Il m'observe, une lueur appréciatrice dans le regard, visiblement satisfait de la piste que j'ai ouverte.

- Je n'y ai pas pensé... admit-il. Il faudrait que je puisse me rapprocher de lui, mais ça ne va pas être facile. Il me déteste... Sûrement à cause de Vittoria, tu me diras. A tous les coups, il pense que je risque moi aussi de rejoindre nos ennemis...

- Ça fait une semaine que tu as vu les preuves que ta sœur a changé de camp ? Va le voir, explique-lui que maintenant tu t'es rendu à l'évidence ; ta sœur nous a bien trahi. Et convaincs-le que tu veux te racheter, que tu as honte d'elle ou je-ne-sais-quoi même si ce n'est pas vrai et que tu es déterminé à rattraper ses erreurs en aidant l'Organisation.

- Ça peut marcher... concède-t-il en proie au doute. Mais ça va prendre un temps fou avant que je ne puisse gagner sa confiance.

Je hausse les épaules. En effet, mais on n'obtiendra jamais de réponses en un claquement de doigts. Selon moi, le jeu en vaut la chandelle, et Mathias semble du même avis bien qu'il soit un peu réticent. Il faudra juste être patient.

- Tu as fouillé les archives ? relancé-je.

Il acquiesce.

- Tout ce qui est numérisé, oui. C'est ce qui m'a valu mon engueulade avec Karen... Mais il n'y avait pas grand-chose. L'Ecole privilégie le format papier pour ce genre de documents, moins traçables. Or, seuls les adultes et les membres du journal des Neuf Muses y ont accès... J'ai déjà essayé d'y entrer par effraction, mais impossible d'y rentrer sans duper le gardien – qui ne se laisse pas avoir facilement... – la clé et le code de sécurité.

- Nous, nous ne pouvons pas y entrer... pensé-je à voix haute. Mais Ania et Leander travaillent pour le journal. Ils y ont peut-être accès, eux ?

Il semble hautement évaluer ma proposition sous-jacente.

- Ça voudrait dire les mettre au courant... relève-t-il puis il constate : tu comptais tout dire à tes copains, c'est ça ?

- Seulement avec ton autorisation, affirmé-je. Mais oui, j'aimerais.

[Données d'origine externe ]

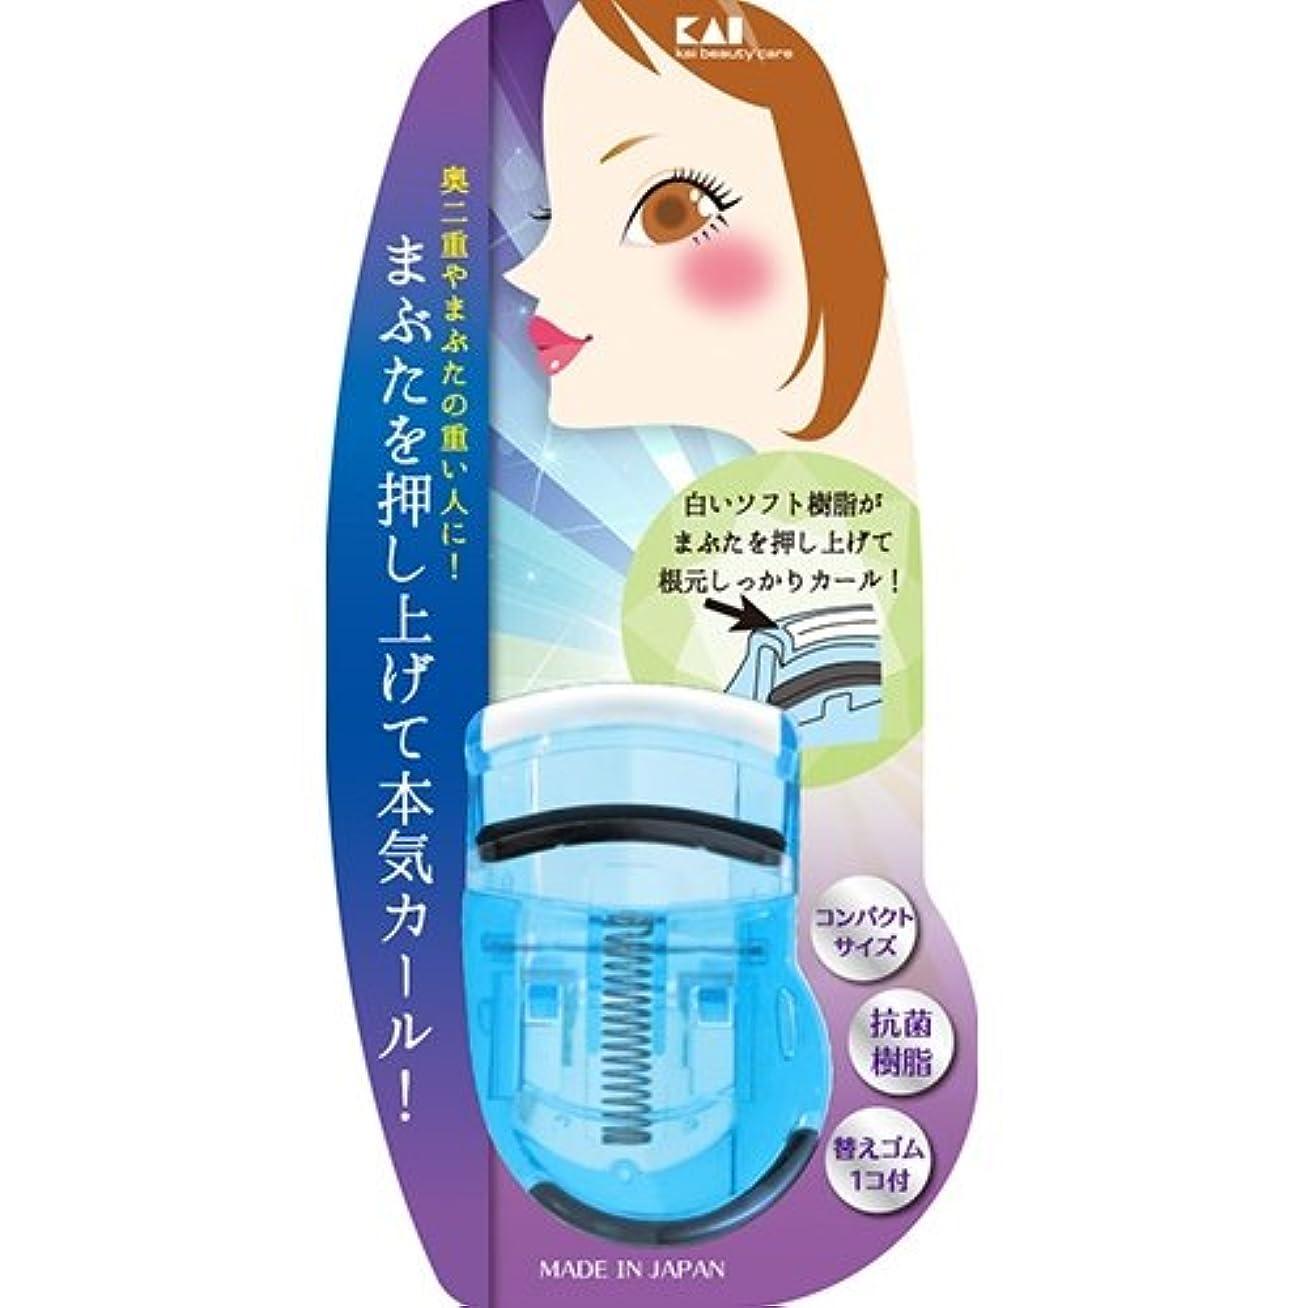 オーケストラ会計鍔プッシュアップカーラー (ブルー ) KQ3036

Je lui raconte donc à quel point ce petit groupe disparate m'a fortement aidé jusque-là et tout ce que notre travail d'équipe nous a permis de découvrir. Même si cela m'a pris du temps, je leur fais maintenant entièrement confiance. Qui plus est, dans le contexte actuel, si nous travaillons tous chacun de notre côté, nous n'avancerons jamais tandis que si nous joignons nos efforts, nos résultats seront sûrement bien plus probants.

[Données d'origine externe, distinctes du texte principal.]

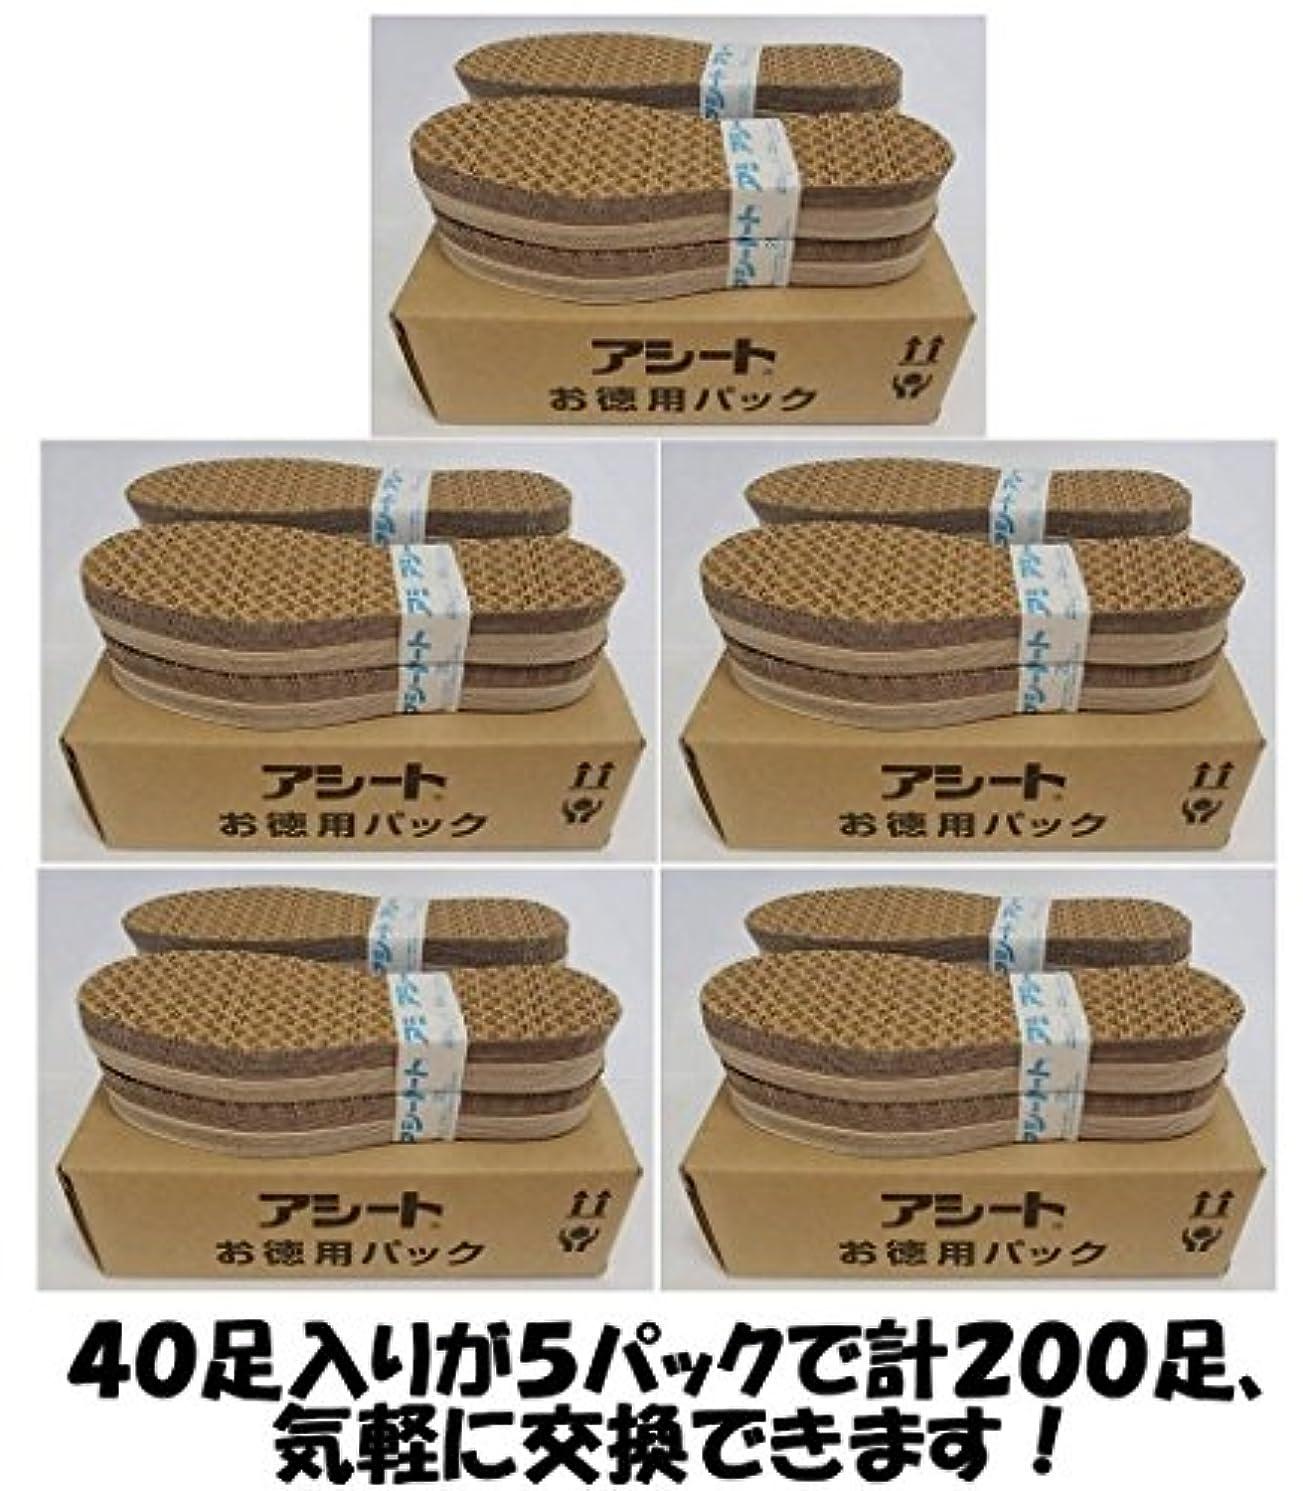 ラバ退化する情報アシートOタイプお徳用パック200足入り (27.5~28cm 男性靴用)

Le visage pensif, Mathias pèse le pour et le contre de ma proposition. A l'origine, il m'a invité, moi seule, à collaborer avec lui, mais sans doute se rend-il compte que le concert de mon équipe lui apporterait encore plus. Mais sa méfiance à l'égard de mes amis le retient d'accepter...

- On avait prévu d'aller aux archives de toute façon avec Ania pour voir ce qu'on peut trouver sur Octavius quand il était élève ici... J'essaierai de regarder discrètement si je trouve des trucs sur ta sœur, promis-je. Et si tu changes d'avis et que finalement tu décides de coopérer avec eux, il te suffira de te joindre à nous dans nos recherches.

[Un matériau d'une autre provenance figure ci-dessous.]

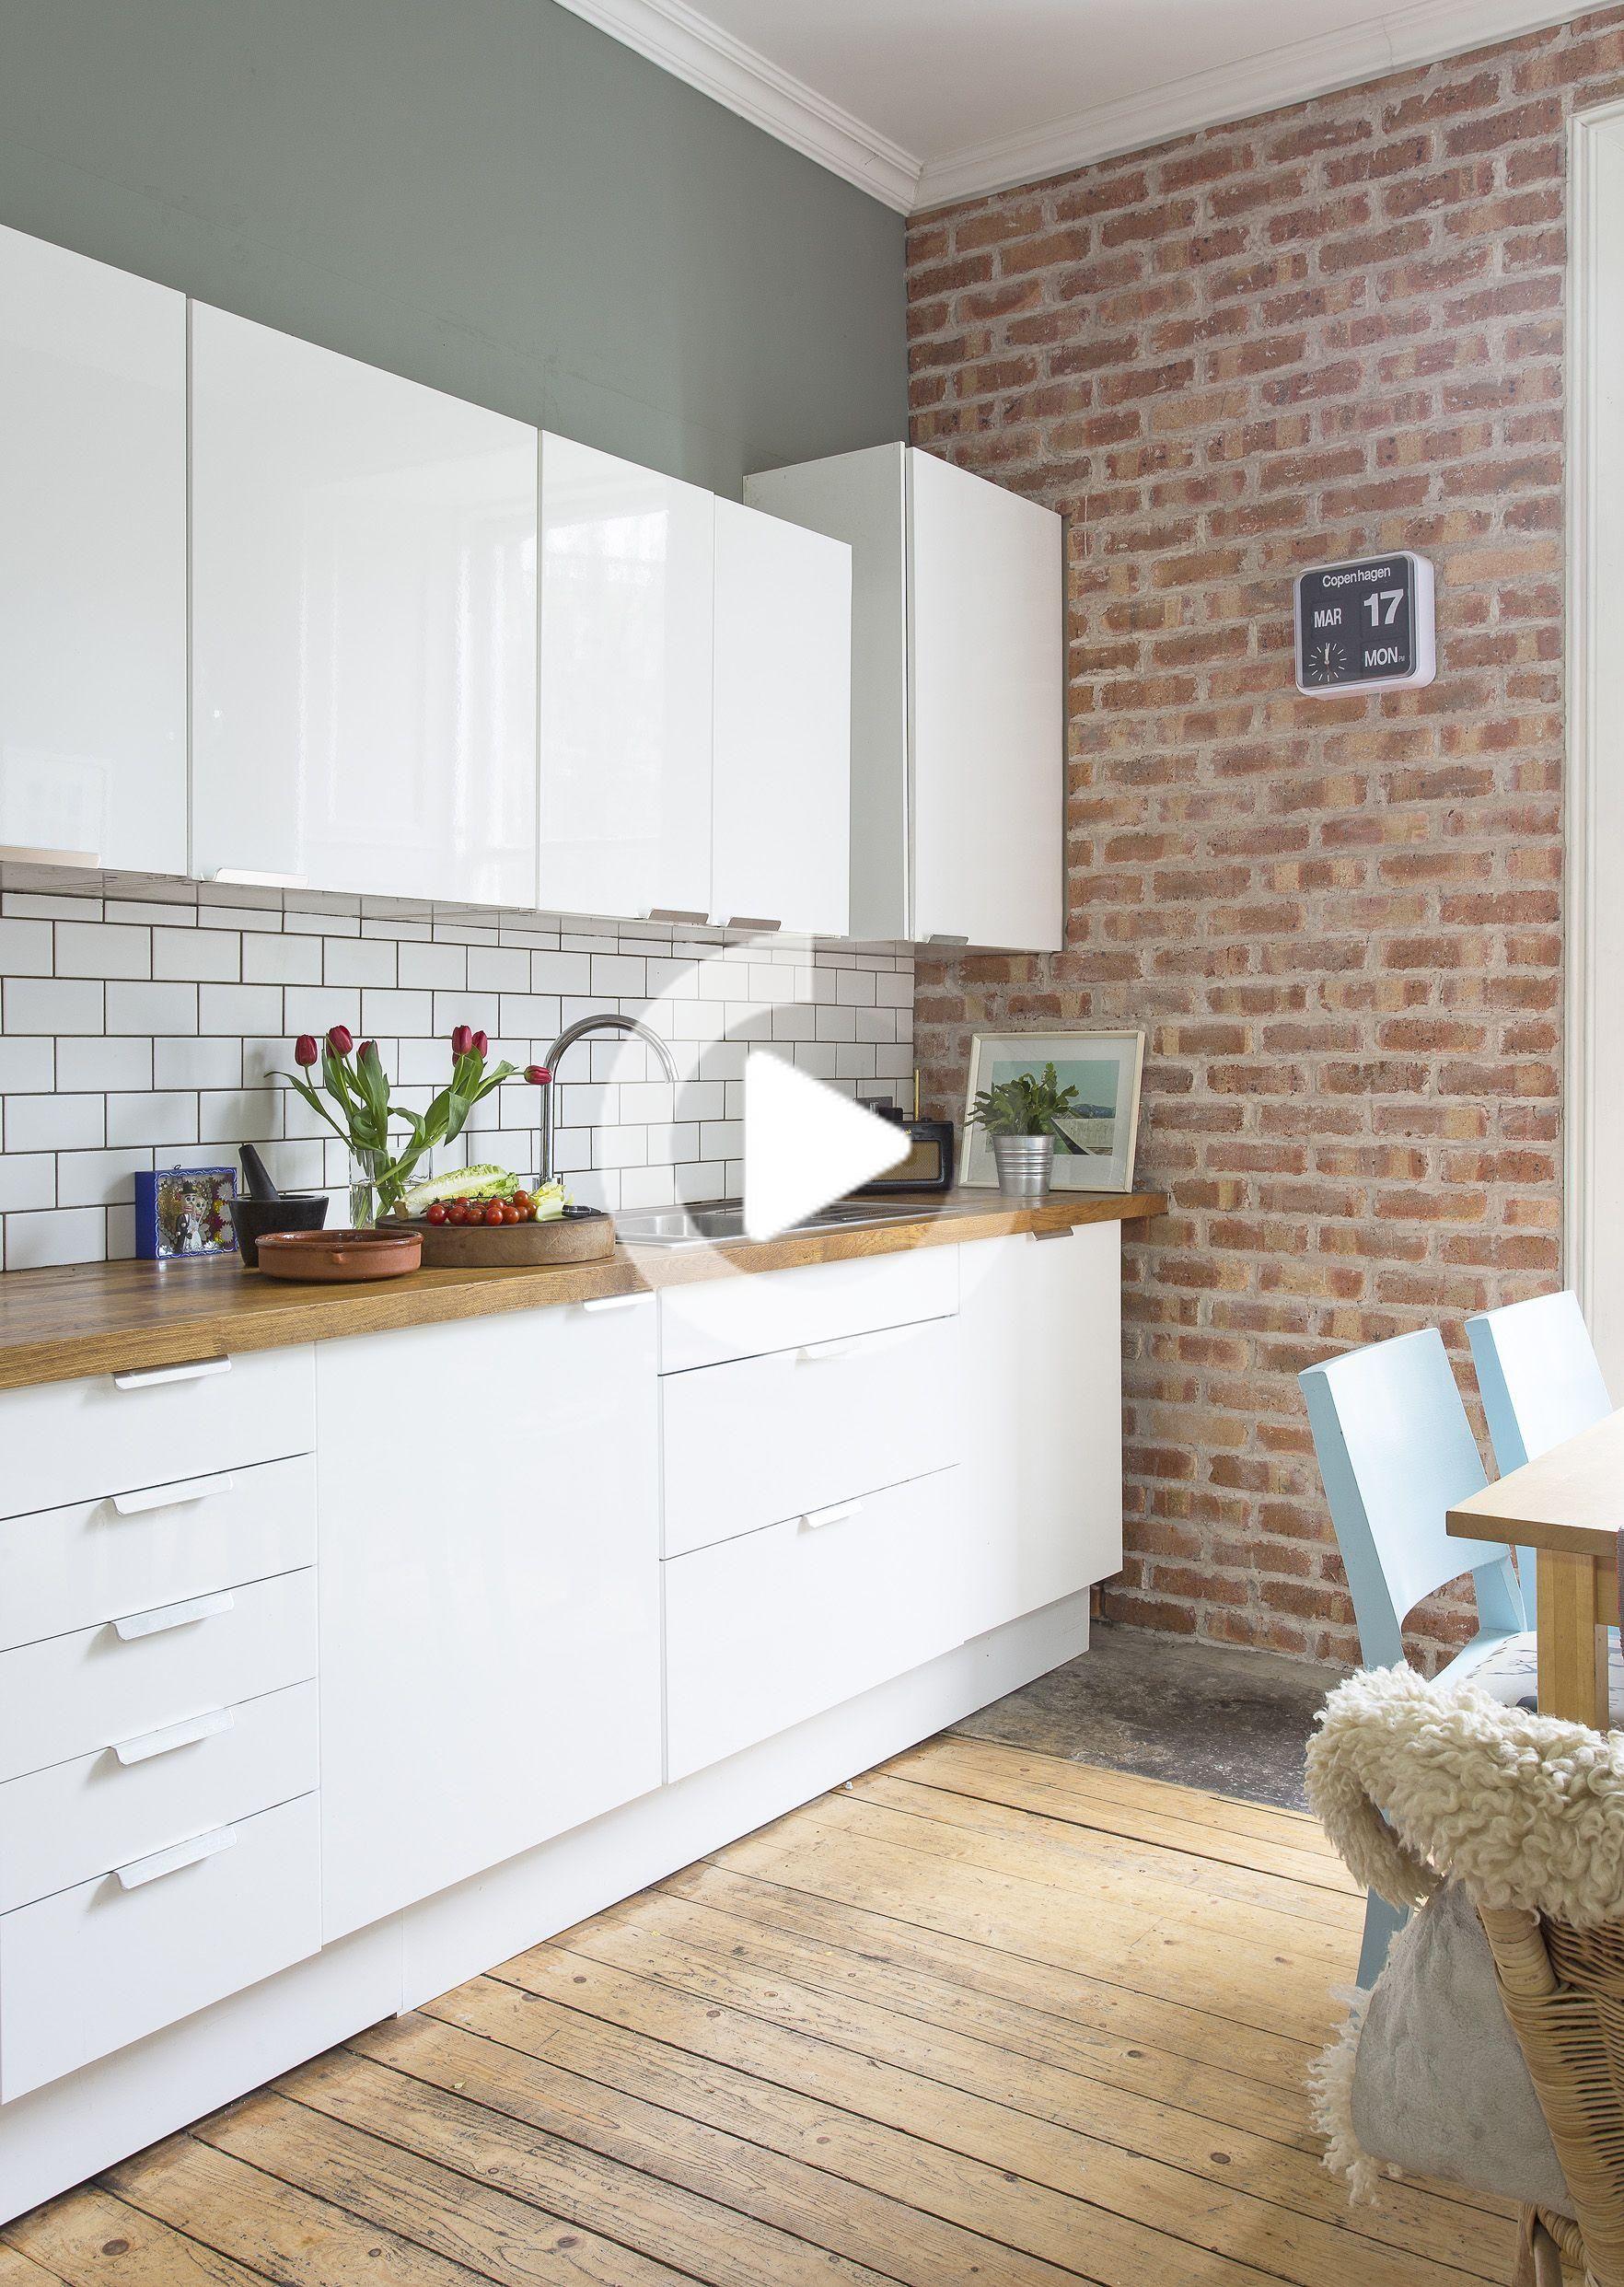 weißer glanz, modern, küche, unverputzte ziegel, holzböden

La conversation close, je me relève de ma chaise afin de regagner ma chambre. Mathias suit mon exemple. Alors que je m'apprête à me hisser sur son rebord de fenêtre, je me retourne au dernier moment vers lui.

- Merci de m'avoir suffisamment fait confiance pour me raconter tout ça, le remercié-je. J'espère vraiment pouvoir t'aider à retrouver ta sœur.

Il me sourit timidement sans rien me répondre alors sans plus attendre, je me hisse contre la façade pour commencer mon ascension jusqu'à ma chambre.